Читаем Евгений Шварц. Хроника жизни полностью

Сны о тебе я вижу все спокойные. То я гуляю с тобой по Неве. Удивляюсь, как это получилось, что ты опять маленькая, а потом вспоминаю: «ах, да! Ведь ты переехала в Ленинград». То мы куда-то едем, опаздываем на поезд, но потом оказывается, что это не наш. И все в этом роде. Сны спокойные, утешительные, жалко даже просыпаться.

Андрюша за это лето стал мне много, много ближе, чем до сих пор. И Катерина Ивановна все не может его забыть. Пиши мне, родная. Больше я не буду делать такого перерыва в письмах.

Прости, что не посылаю тебе денег. Ремонт всё съел, а Москва задерживает авторские. Скоро надеюсь послать. Целую тебя и Андрюшу. Привет Нине Владимировне. Твой папа».


Но быстро только сказка сказывается, да не скоро дело делается…

4/X: «Дорогая моя доченька, получил твое письмо. По тону его мне показалось, что ты в том настроении, в каком бывала летом, когда Олег опаздывал почему-нибудь приехать. Это было бы ничего, но я боюсь, что ты запустишь из-за этого свои занятия и затруднишь свой переезд в Ленинград. И то, что могло быть просто, из-за пустяков усложнится…

Я в несколько вялом настроении из-за безденежья (хотя на этот раз явно временного), из-за переделок сценария, а главное из-за ужасающей, оскорбительной погоды. Не только лета, но и осени мы не видели. Вчера всю ночь шел снег, который сегодня тает. А мы сидим безвыездно на даче… Катерина Ивановна все хворает. Видимо, в результате пребывания на насквозь продуваемой браусевической даче. Недавно у неё температура опять подскочила до 38, хотел уж вызвать машину, чтобы вести её в город, но все обошлось.
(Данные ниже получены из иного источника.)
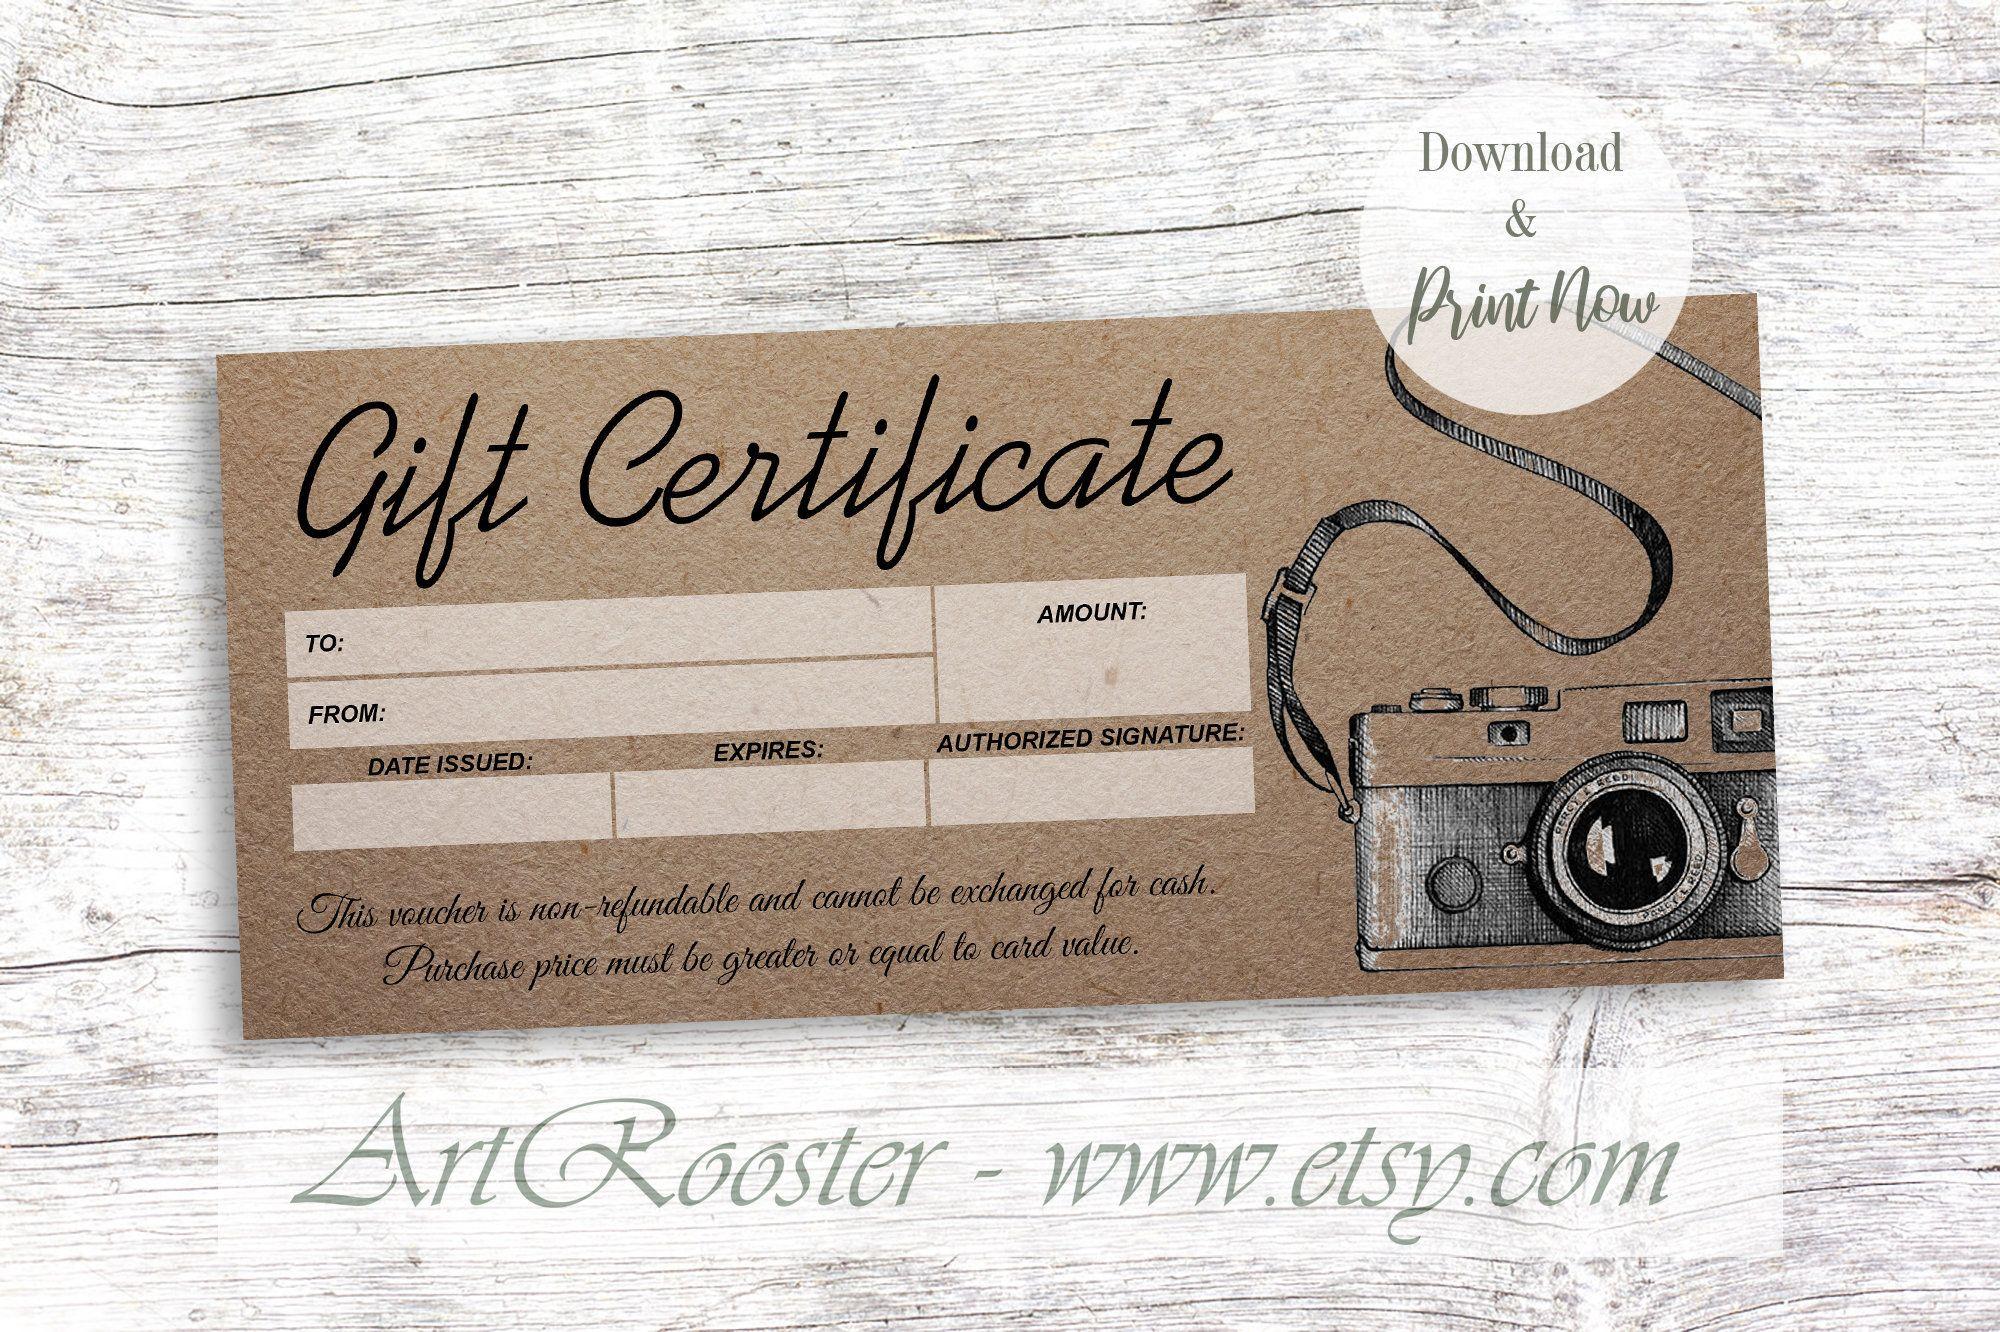 Giftcertificate Printablegiftcertificate Printablegiftcertificatetemplate Printa Photography Gift Certificate Printable Gift Certificate Gift Card Template
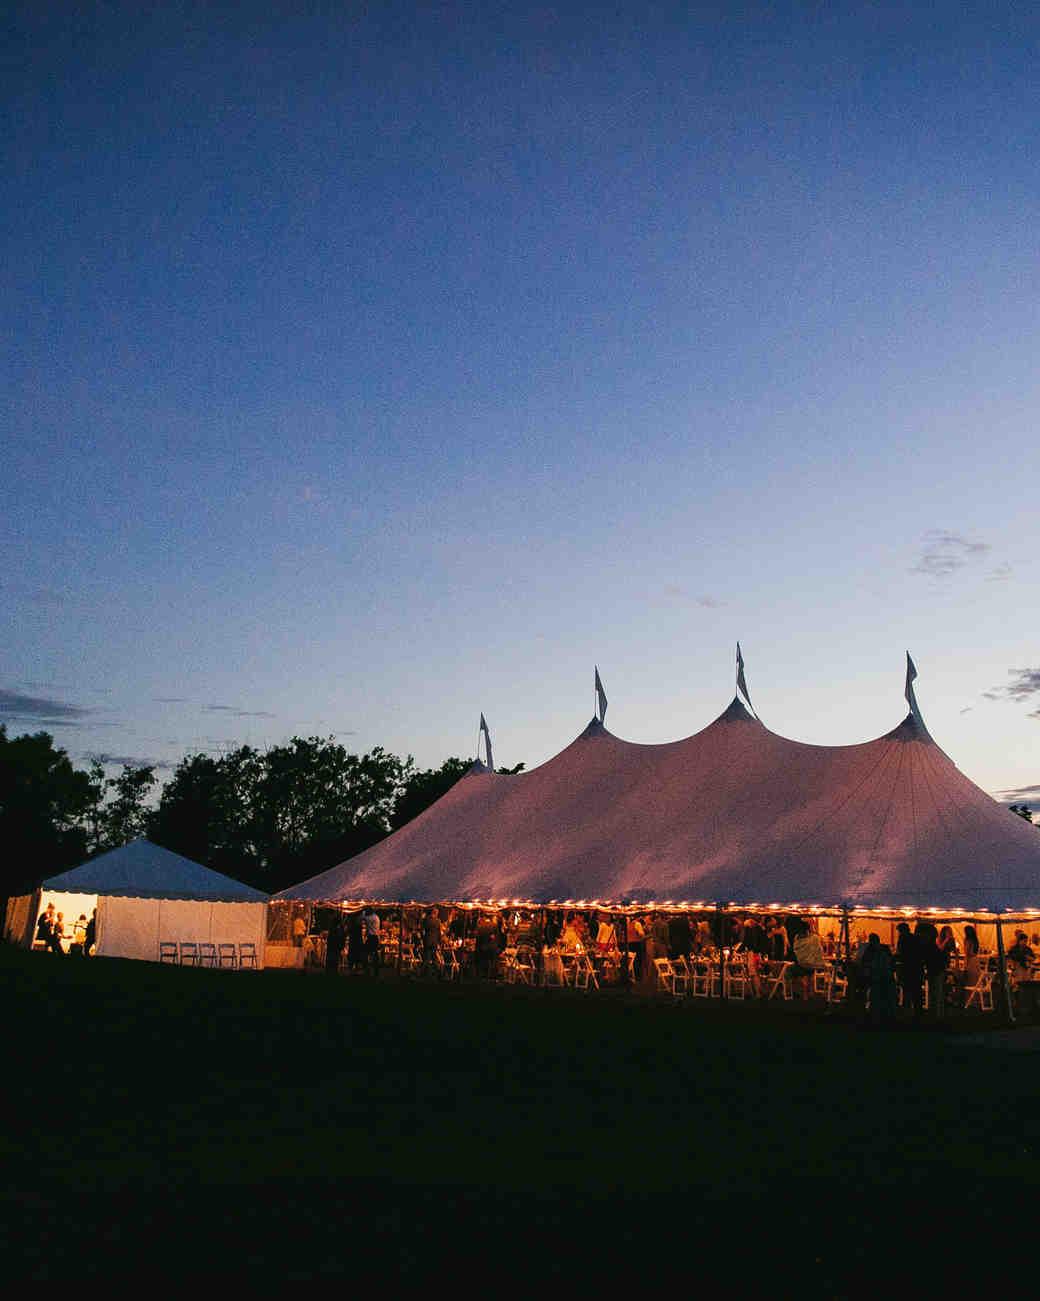 gabriela-tyson-wedding-tent-1105-s111708-1214.jpg

Дом творчества закрыт на ремонт. Мы в Комарове, в небывалом, грязном Комарове одни. Вообще что-то дача наша в этом году превратилась в собственную свою противоположность. Правда, она теперь чиста, блистательна, но до того пахнет краской, что кот в первые дни просто отказывался тут жить. Пора, очевидно, менять образ жизни. Мы зависим от всего: от дачи, от кошки, от безденежья. Надо придумать что-то, отчего дача, кошка, Томка и деньги помогали бы жить, а не мешали.

Все вижу тебя во сне. Сегодня видел, что пришел тебя будить, а ты маленькая, но не такая как в детстве, а совсем незнакомая. И выходило как-то так, что это и ты, и твоя дочь… Скажи Андрюше, что как нарочно маленький поезд, который он так любил, с маленькими платформами теперь два раза в день пробегает мимо нас. Все возит куда-то рельсы. Поезд маленький, как Андрюша, он помнит. Называется — моторная дрезина.

Скорее бы ты переезжала! Теперь мне кажется, что именно это мешает мне жить спокойно на свете…».


Смерть Сталина Шварц воспринял без эмоций. Сужу об этом по нескольким проходным фразам, которые появились в его дневнике в эти дни: «5 марта. …Вчера, кончив писать, включил приемник и услышал: «Министр здравоохранения Третьяков. Начальник лечсанупра Кремля Куперин» — и далее множество фамилий академиков и профессоров-медиков. Я сразу понял, что дело неладно. А когда пришла газета, то выяснилось, что дело совсем печальное, — тяжело заболел Сталин… Сегодня бюллетень так же мрачен, как вчера…» И тут же, без паузы — продолжение воспоминаний: «Попробую продолжать работу над прозой…» «6 марта. Сегодня сообщили, что вчера скончался Сталин. Проснувшись, я выглянул в окно, увидел на магазине налево траурные флаги и понял, что произошло, а потом услышал радио…» И уже следующая фраза — «Возвращаюсь в двадцатые годы…».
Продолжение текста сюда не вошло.